● **DATA FOR THE TASK**:

►

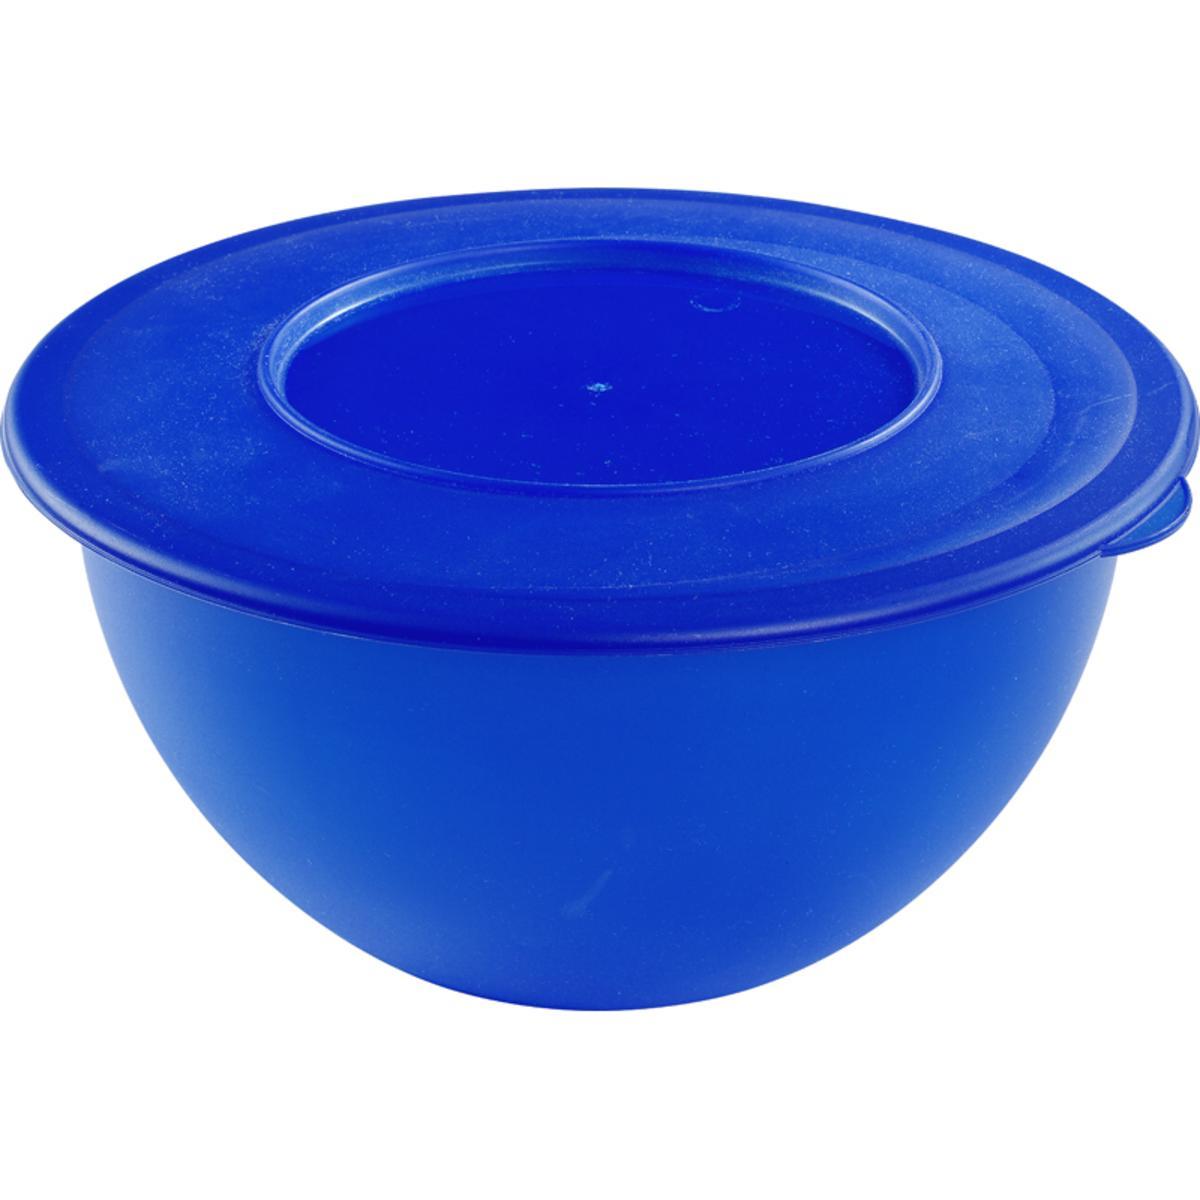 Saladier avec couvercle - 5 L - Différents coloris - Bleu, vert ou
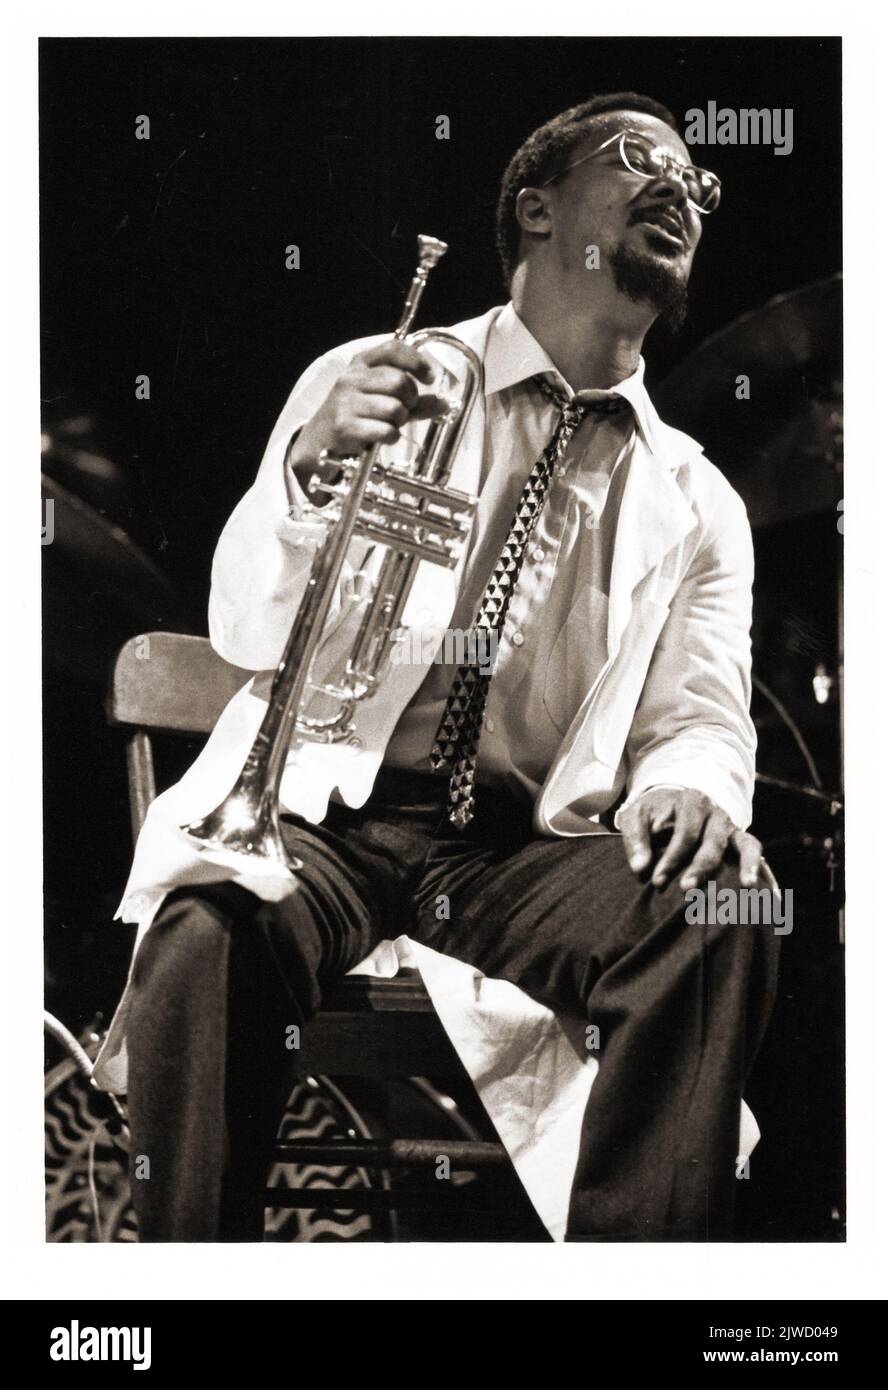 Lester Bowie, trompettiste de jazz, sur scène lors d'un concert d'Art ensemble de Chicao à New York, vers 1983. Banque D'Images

◄
►

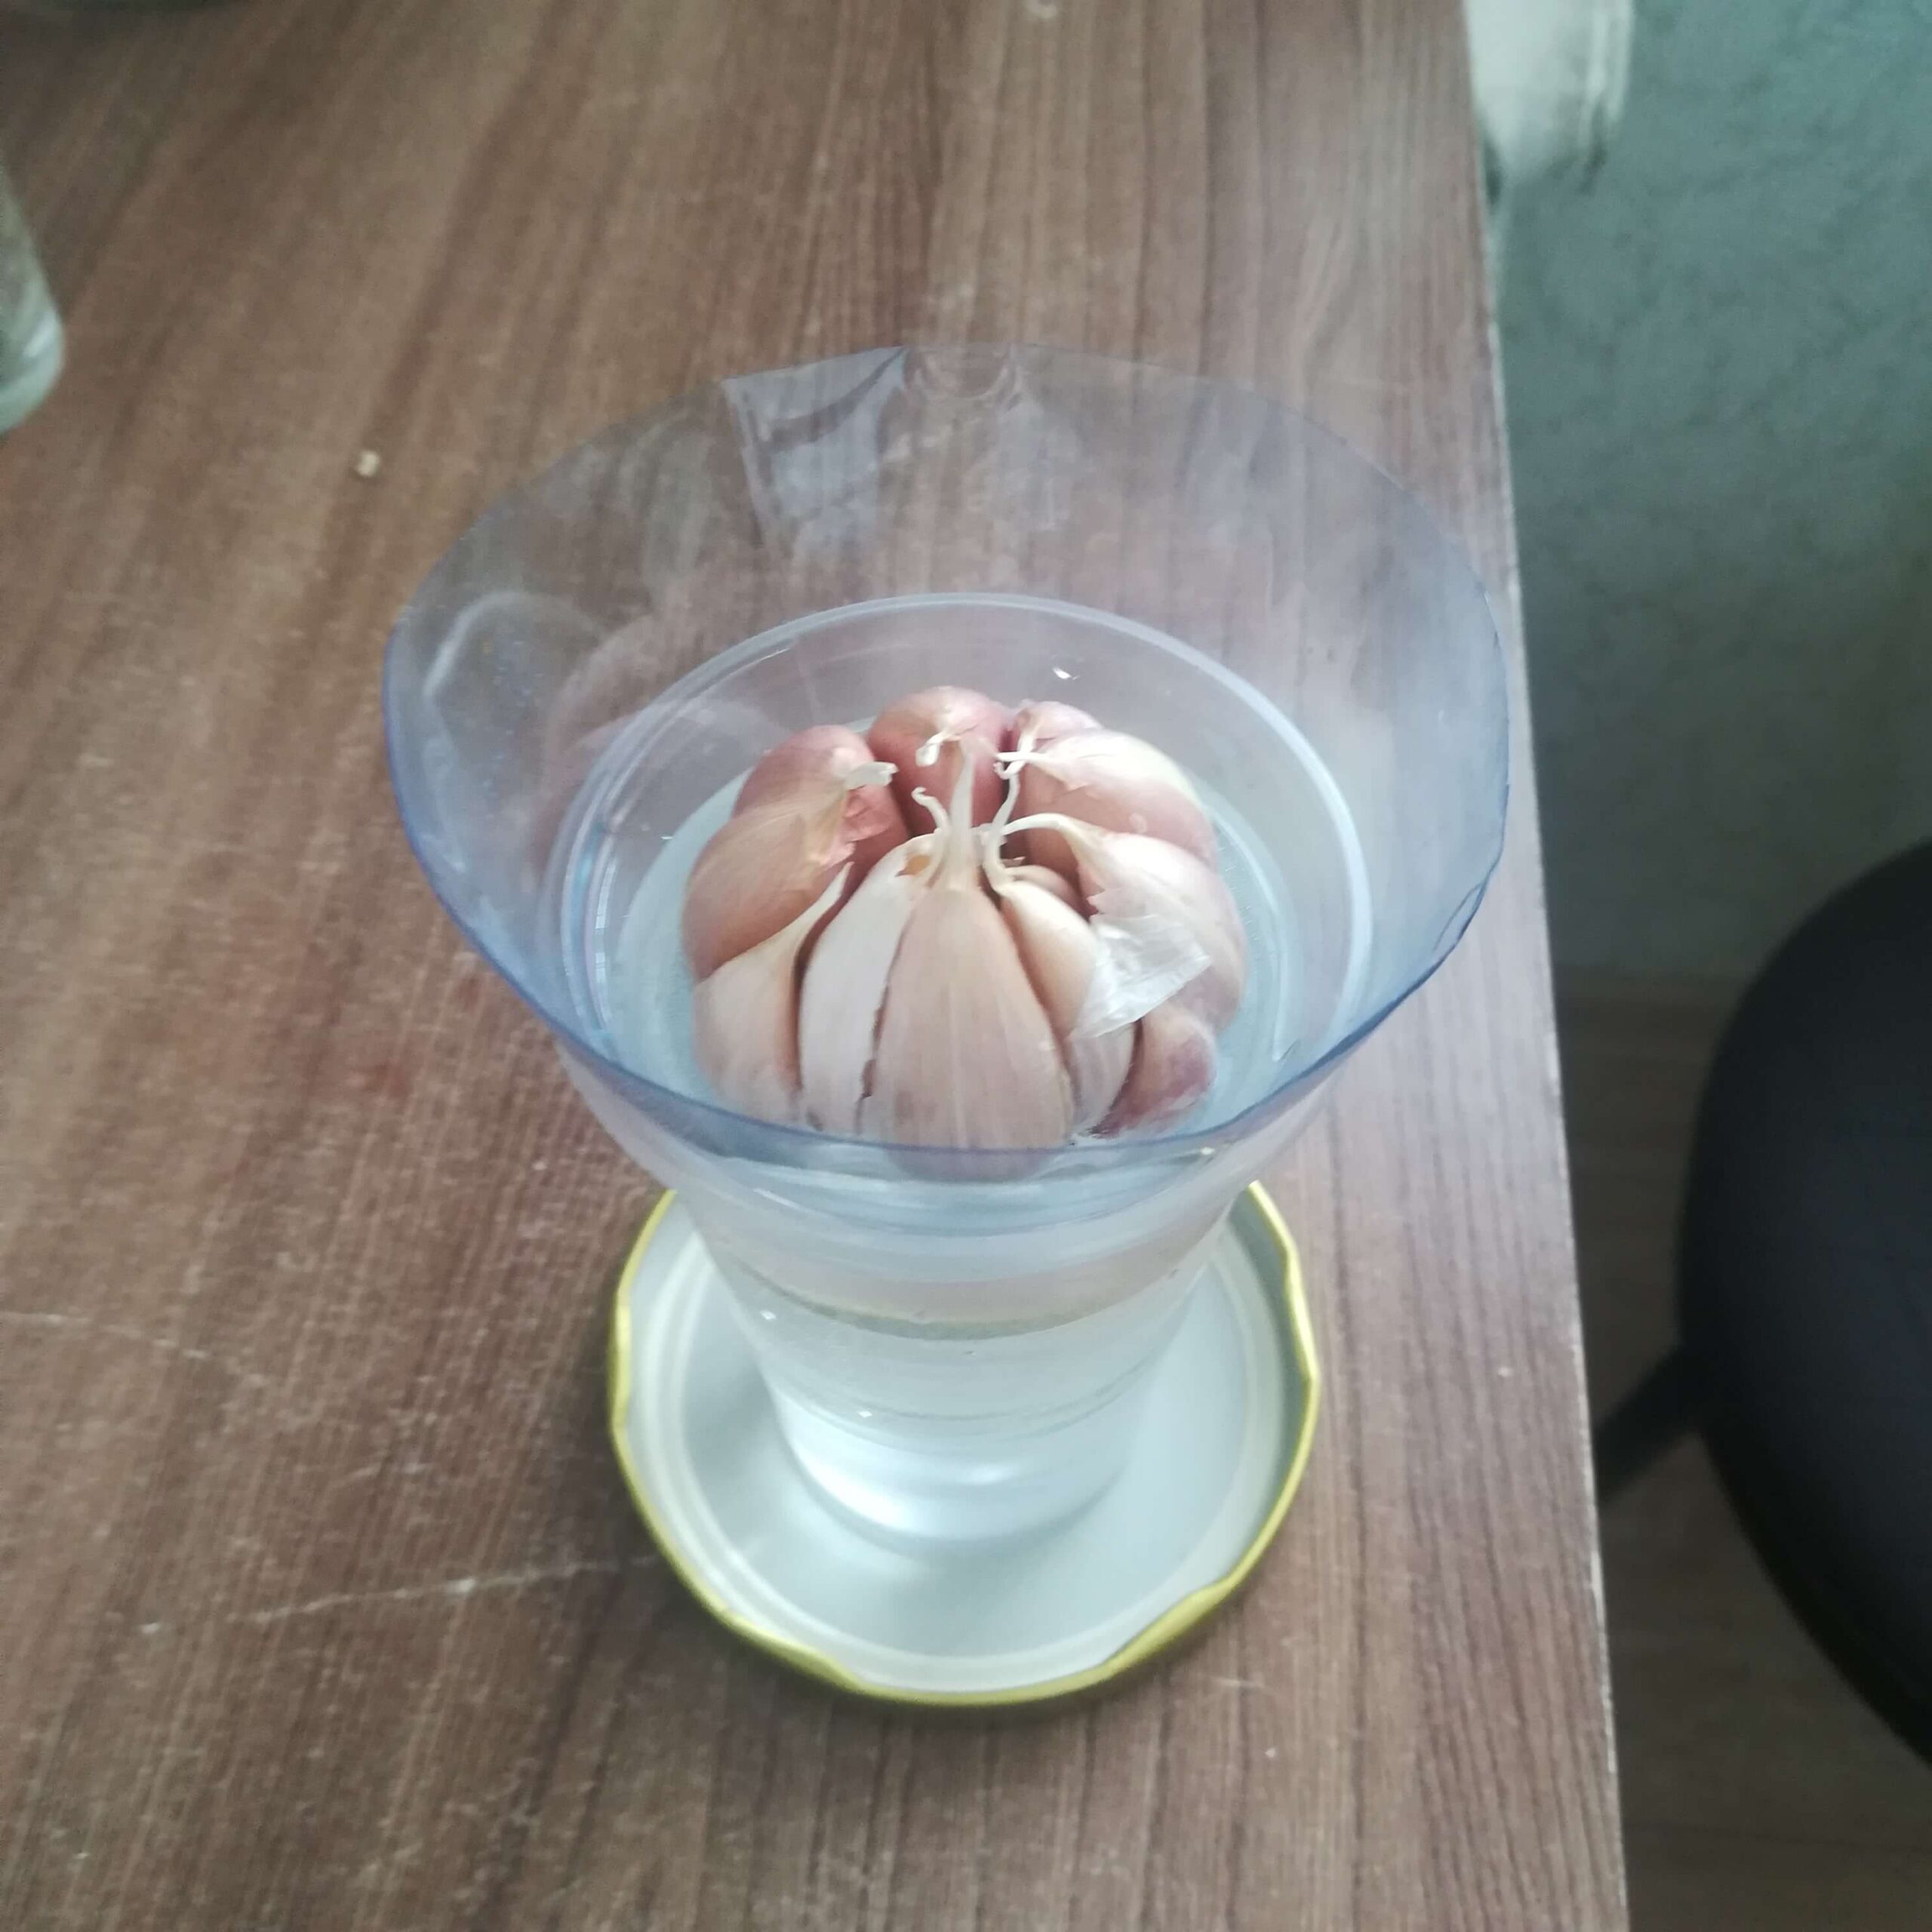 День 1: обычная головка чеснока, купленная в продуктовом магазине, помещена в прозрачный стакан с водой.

◄

In the data above, find the line containing "Saladier avec couvercle" and the line containing "Lester Bowie, trompettiste". Copy exactly the stretch from the first through the second, both included, leaving out any picture.

 Saladier avec couvercle - 5 L - Différents coloris - Bleu, vert ou
 Lester Bowie, trompettiste de jazz, sur scène lors d'un concert d'Art ensemble de Chicao à New York, vers 1983. Banque D'Images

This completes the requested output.